April 15, 2019

ヤクブ・フルシャ指揮N響のシュトラウス、ベルリオーズ、ヤナーチェク

●13日はNHKホールでヤクブ・フルシャ指揮N響。以前、都響で活躍したフルシャがN響にデビュー。この間にフルシャはバンベルク交響楽団首席指揮者に就任し、ベルリン・フィル定期にもデビューするなど破竹の勢い。で、プログラムはシュトラウスの交響詩「ツァラトゥストラはかく語りき」、ベルリオーズの叙情的情景「クレオパトラの死」、ヤナーチェクの「シンフォニエッタ」という3曲。
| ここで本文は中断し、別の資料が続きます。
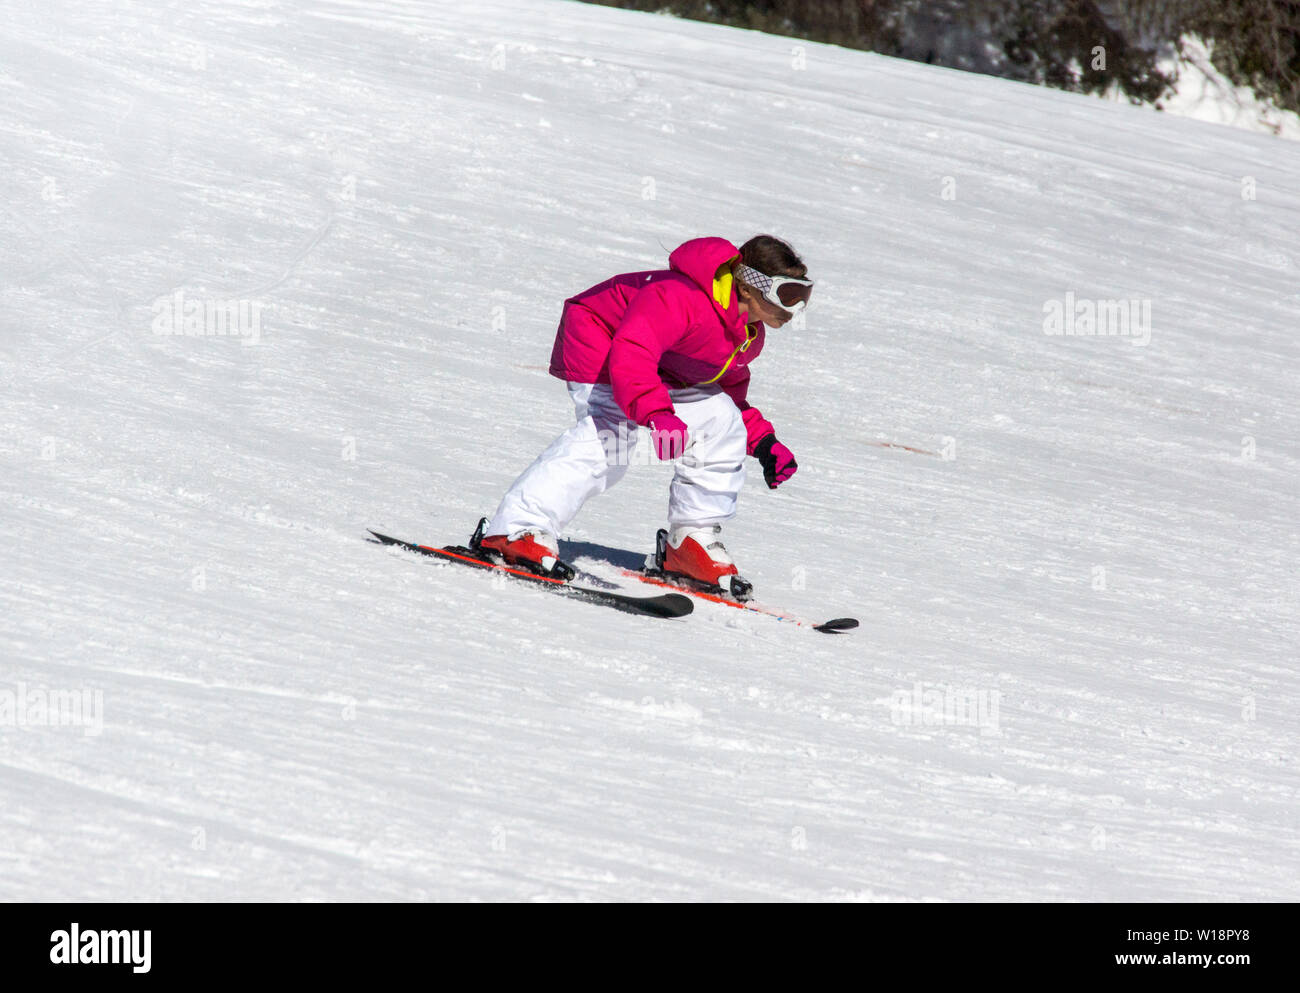 The central Pyrenees at Pont Espagne. Young boy learning to ski on the beginners slope.No sticks. Stock Photo

曲の長さからいって、てっきりシュトラウスの後に休憩が入るものだと思っていたら、そうではなく、ベルリオーズの後だった。前半のほうがずっと長いというアンバランスな時間配分なのだが、これはヤナーチェクへの集中度を高めてほしいという意図なんだろうか。ゲストコンサートマスターにライナー・キュッヒル、東京・春・音楽祭の「さまよえるオランダ人」に続いて。
●冒頭があまりに有名なシュトラウスにしても、バンダが大活躍するヤナーチェクにしても、スペクタクルに富んだ作品ではあるのだが、フルシャのアプローチは外見上の華々しさに頼らずに作品に内在するドラマをそのまま伝えるといったスタイル。予想以上に「ツァラトゥストラはかく語りき」が充実。音楽の流れが自然で、起承転結がしっかりと描かれている感。ヴェロニク・ジャンスが歌う「クレオパトラの死」はあたかもオペラの終場のよう。ベルリオーズ・ワールド全開の作品で、クレオパトラが毒蛇に自身を噛ませて死に向かうという情景が描かれている。空想的に体験する、毒蛇に噛まれる感。あ、もう毒回ってます、回ってきた、もうダメ……みたいなホラーなエンディング。「シンフォニエッタ」は最後列にずらりと並んだバンダが壮観。土の香りと革新性の幸福な融合。
●N響は今月の定期公演から休憩が20分間になった。歓迎。例の男性限定の長蛇の列に焦って並ばなくてもよくなった。
●NHKホールが放送センター改修工事にともなって2021年3月から2022年6月まで休館することが発表されている。N響サイトの発表によると「放送センターの建替工事の影響で休館に先立って2020年9月から別の会場で実施する公演もある」のだとか。まだ先の話ではあるが、かなり長い休館になる。代替会場は調整中。